Retrieval — search over the embeddings

A nearest-neighbour layer on the same frozen embeddings. src/retrieval.py has a from-scratch random-hyperplane LSH index (with a brute-force reference and an optional FAISS backend) and three heads: a non-parametric k-NN detector, generator attribution by neighbour vote, and an open-set novelty score (distance to everything known). The novelty score is the retrieval view of Part 2 — a generator near the bona-fide manifold (A19) sits close to indexed bona fide, gets a low novelty score, and evades, which is its non-transfer made geometric. scripts/retrieval_eval.py runs the recall@k / latency benchmark (the hand-rolled LSH against FAISS), the k-NN detector EER, attribution accuracy, and per-attack open-set novelty.
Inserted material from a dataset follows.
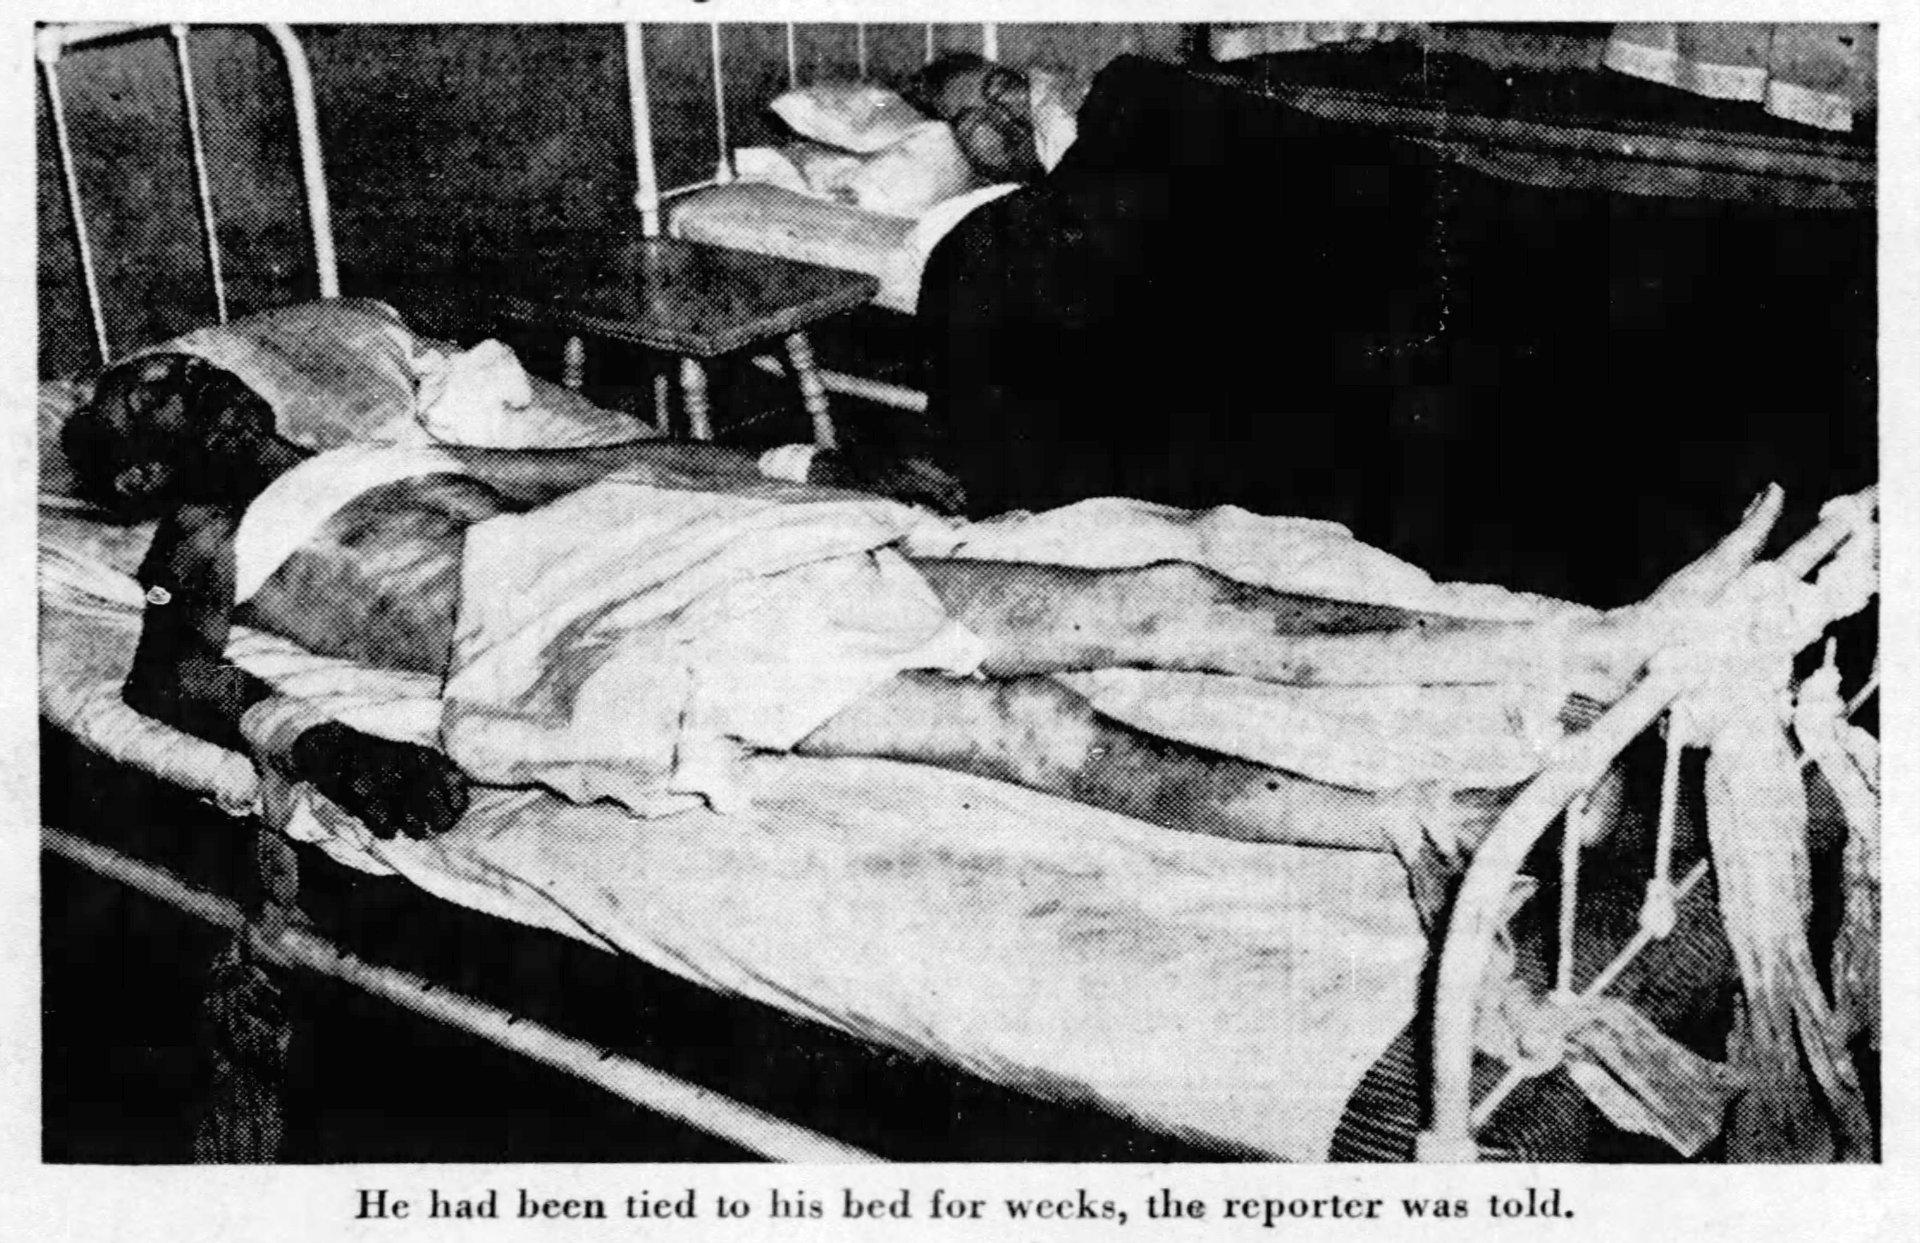 The_Courier_Journal_Sun__Nov_13__1938_ (1)

Audio has no lexical channel, so this is dense-only — there's no sparse/BM25 side to add.

Conformal coverage under attack shift

A split-conformal layer on the deployed detector's scores. src/conformal.py calibrates a spoof-miss threshold on seen attacks so that, under exchangeability, the miss rate (a spoof accepted as bona fide) stays at α — then asks what a novel attack, which breaks exchangeability, does to it. experiments/coverage_loao.py runs this hold-one-attack-out on the cached scores: the within-attack control sits at α for every group, but the guarantee breaks on the near-bona generators — A10/A18/A19 miss 18–20% of held-out spoofs at α=0.05 (results/coverage_attack_clean.csv), exactly where H2 predicted non-transfer. Degradation reshuffles which attacks evade (under noise A10's failure vanishes but A18/A17 blow up). The weighted variant (Tibshirani 2019), with weights from the bona-proximity covariate, repairs the voice-conversion failures (A17 back to α) but backfires on A10 — whose failure isn't geometric — so the repair doubles as a diagnostic separating the two mechanisms. Runs on the cached scores, no GPU; full write-up in report.md Part 3.

Key findings

  • Clean EER 0.82%, AUC 0.998 on the 148,176-trial eval set, matching the published SSL_Anti-spoofing baseline.
  • Noise, not compression, is the failure mode. MP3 is roughly free (~0.7% at 32–128 kbps); additive noise pushes EER to 9.8% at 0 dB. Streaming needs about 4 s of context (2.7% at 2 s, 13.8% at 0.5 s). Native codecs are all under 1%.
  • No seen-attack blind spot: every eval attack is at or below 2.6% EER.
  • H1 falsified, H2 supported. Bona-fide proximity predicts the leave-one-attack-out gap (distance-to-bona vs. gap ρ=−0.67, p=0.013; negative at all 25 layers, p<0.05 at 19/25). A19, the generator closest to real speech, has the largest gap (+14.8 pp); fine-tuning the encoder moves it off the bona manifold and the gap drops to +1.7 pp.
  • Conformal coverage breaks under attack shift. A spoof-miss guarantee calibrated on seen attacks (α=0.05) holds within-attack (~0.05) but fails on the near-bona generators (A10/A18/A19 miss 18–20%). Degradation reshuffles which attacks evade, and a bona-proximity-weighted repair fixes the voice-conversion failures but backfires on A10 — separating the two failure mechanisms.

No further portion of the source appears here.